Site Reliability Engineer (W/M)
Your mission :
The EPFL Blue Brain Project (BBP), situated on the Campus Biotech in Geneva, Switzerland, applies advanced neuroinformatics, data analytics, high-performance computing and simulation-based approaches to the challenge of understanding the structure and function of the mammalian brain in health and disease. The BBP provides the community with regular releases of data, models and tools to accelerate neuroscience discovery and clinical translation through open science and global collaboration.Main duties and responsibilities include :
BBP’s Core Services section is now looking for an experienced Site Reliability Engineer (W/M) to work on BBP’s High Performance Computing (HPC) and other mission-critical IT systems.
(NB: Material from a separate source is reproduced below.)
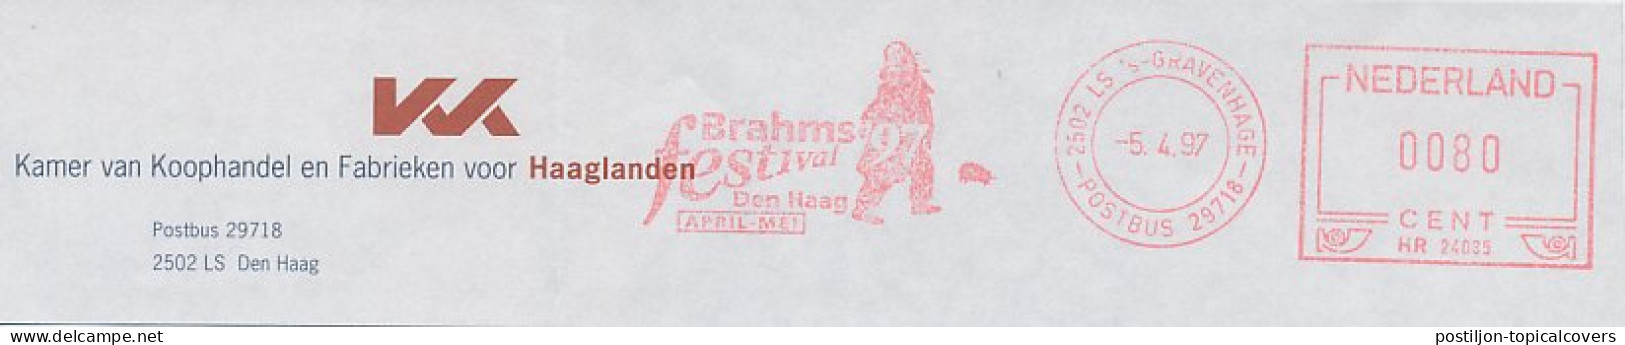 Meter Top Cut Netherlands 1997 Brahms Festival 1997 - Composer - Musik

This opportunity presents you with a chance to:
Ensure IT service reliability for our critically important IT services e.g. by implementing SRE best practices for availability, performance, utilisation, change management, emergency response and capacity planning
Develop monitoring, logging and metrics tools to manage risk
Automate IT processes - in order to get rid of toil, technical debt and manual work - using modern software engineering practices
Ensure reliable product launches and system upgrades upon our IT platforms like HPC, virtualization, containerization, and storage using modern software development, configuration management, CI/CD and infrastructure-as-code approaches
Contribute to IT security e.g. by establishing modern and clever system update/upgrade methodologies
Your profile :
What you'll need to succeed:
Deep understanding of IT operations using software engineering practices
Practical & recent hands-on experience with full-lifecycle config management, provisioning and CI tools (e.g. Puppet, Git, Jenkins, Foreman)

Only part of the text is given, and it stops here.